Dataset excerpts →
───
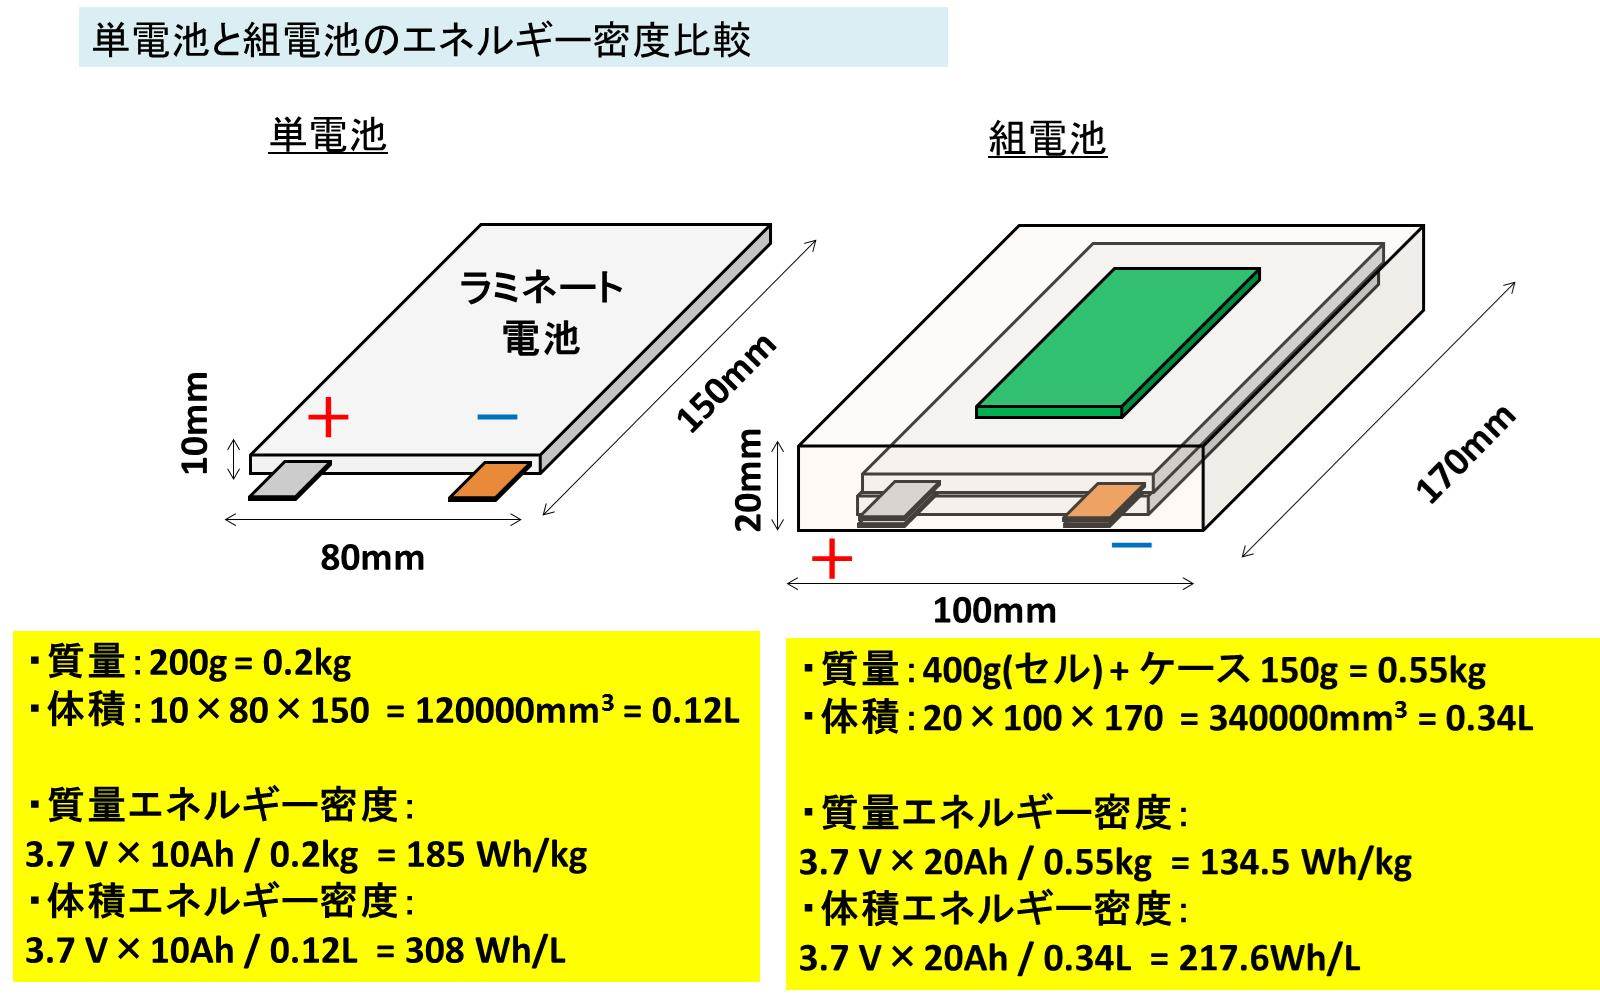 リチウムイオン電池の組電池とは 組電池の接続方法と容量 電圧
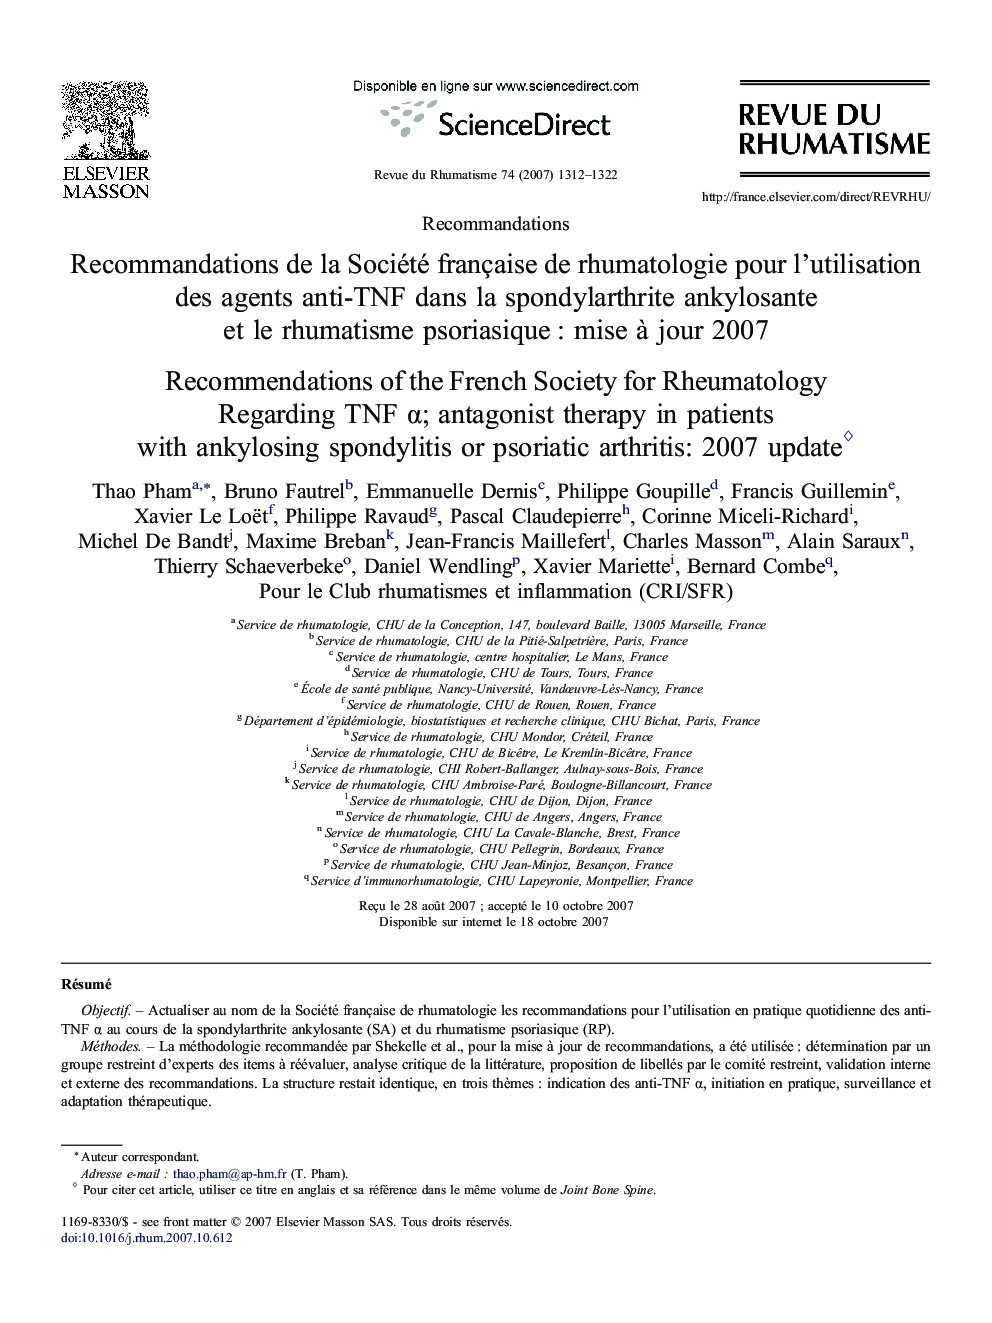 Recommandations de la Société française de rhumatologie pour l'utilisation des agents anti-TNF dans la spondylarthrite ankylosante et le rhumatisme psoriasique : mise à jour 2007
───
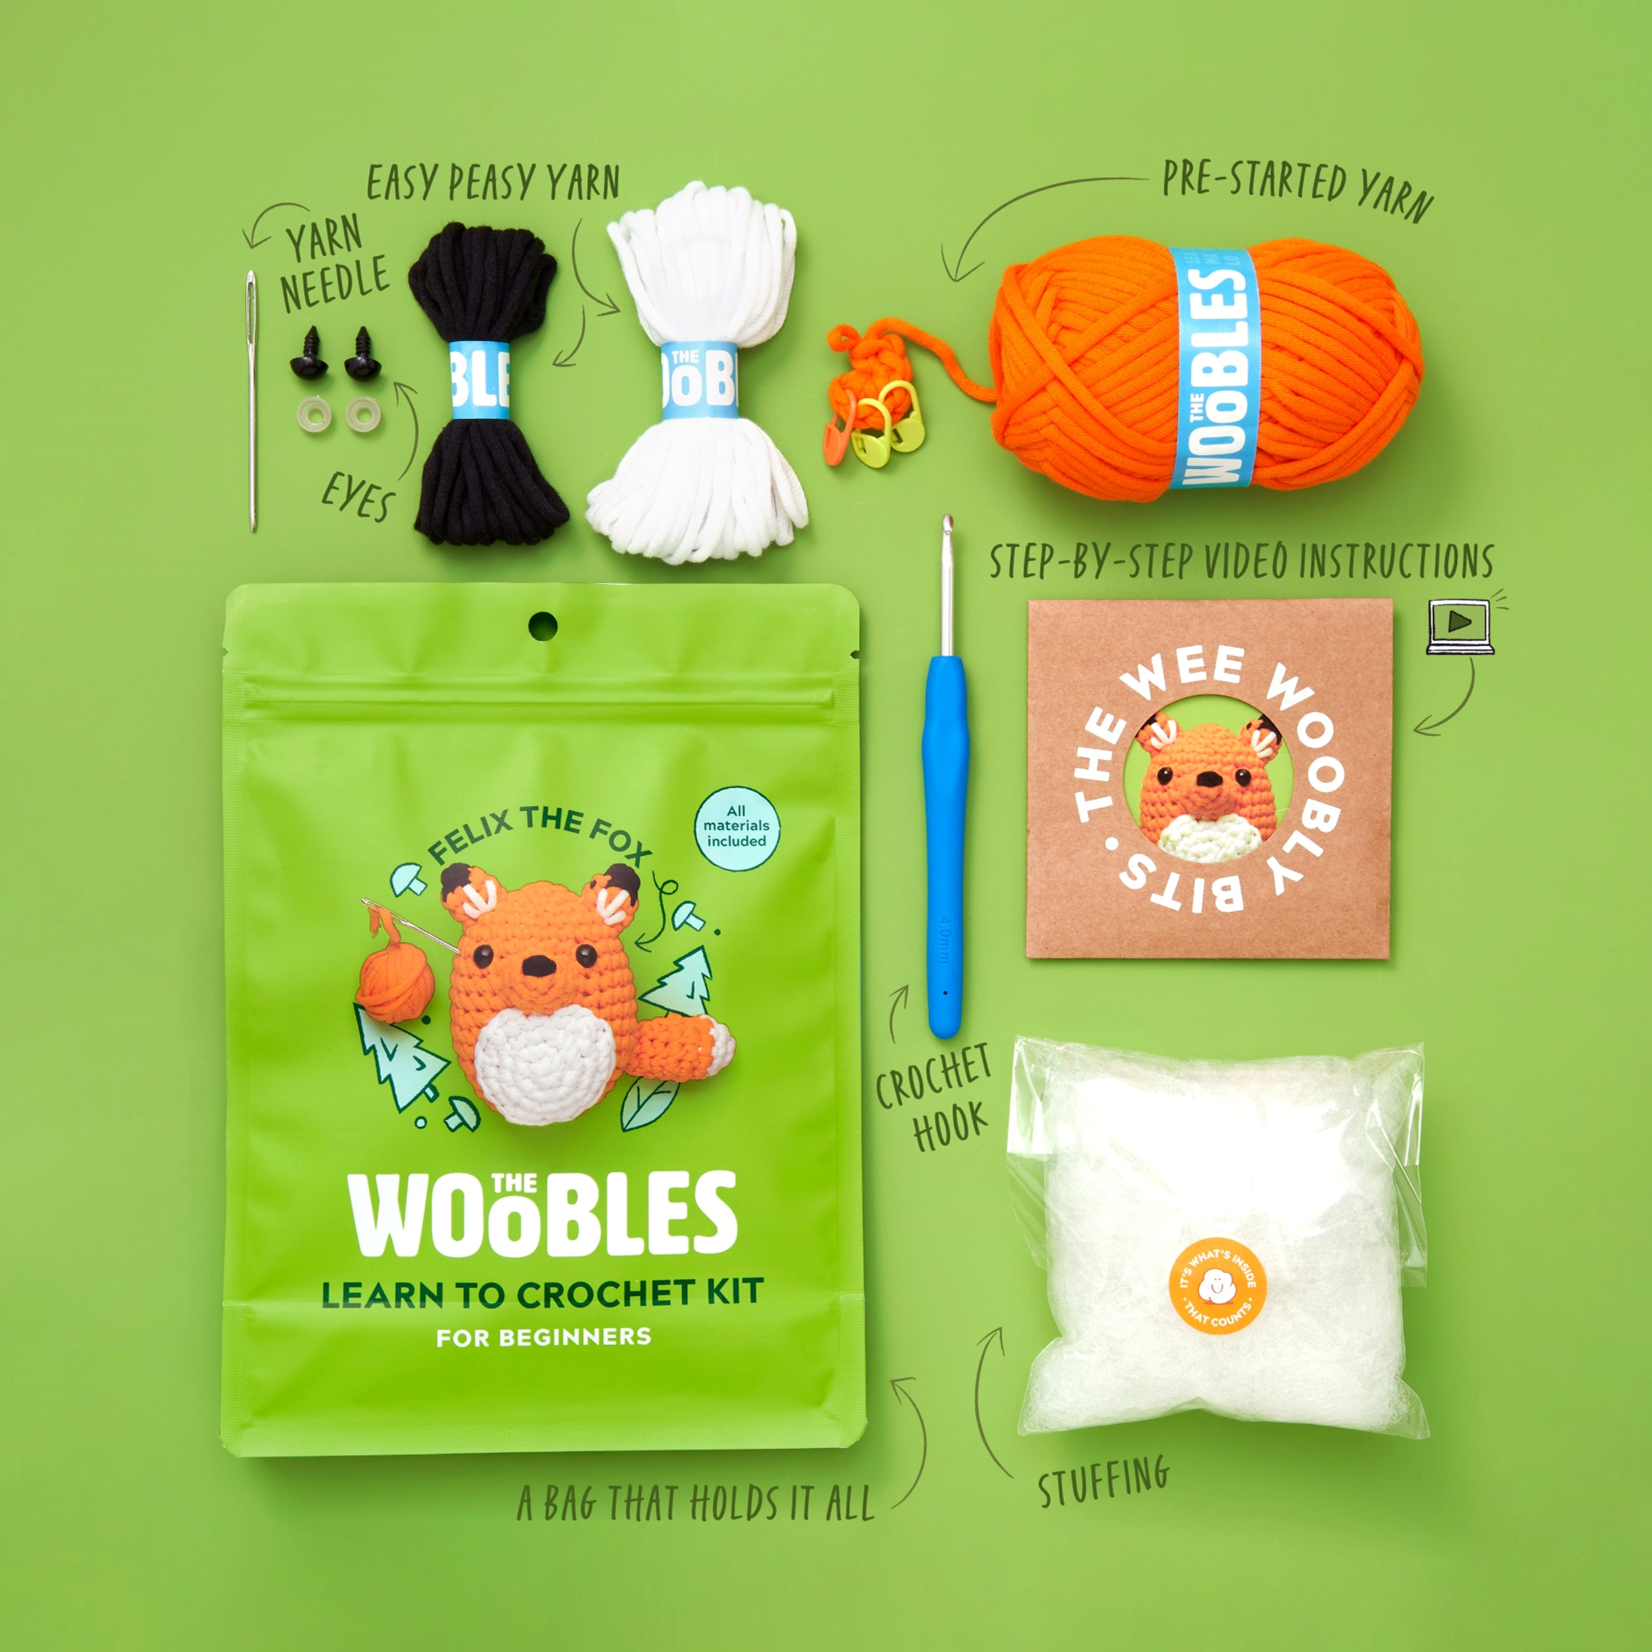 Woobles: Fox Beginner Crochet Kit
───
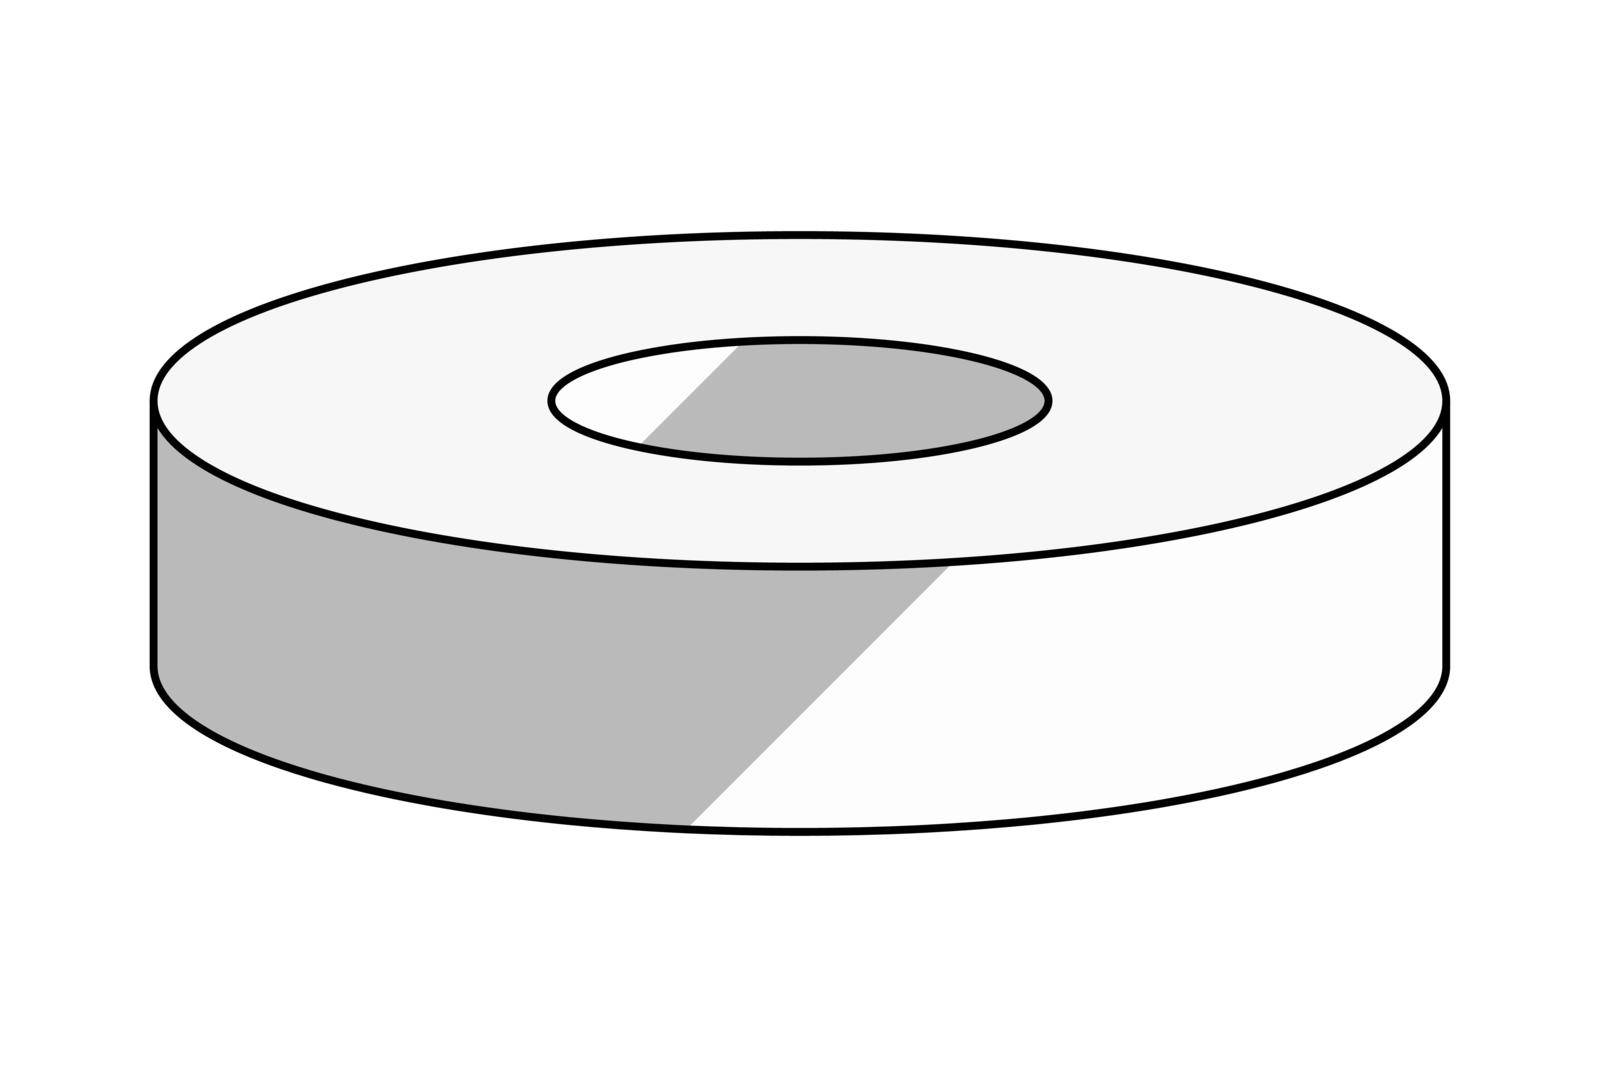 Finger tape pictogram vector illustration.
───
Exercise goal → Above are some records; extract exactly the lines from the one containing "リチウムイオン電池の組電池とは 組電池の接続方法と容量 電圧" through the one containing "Recommandations de la Société française" and drop the pictures.

Task response →
 リチウムイオン電池の組電池とは 組電池の接続方法と容量 電圧
 Recommandations de la Société française de rhumatologie pour l'utilisation des agents anti-TNF dans la spondylarthrite ankylosante et le rhumatisme psoriasique : mise à jour 2007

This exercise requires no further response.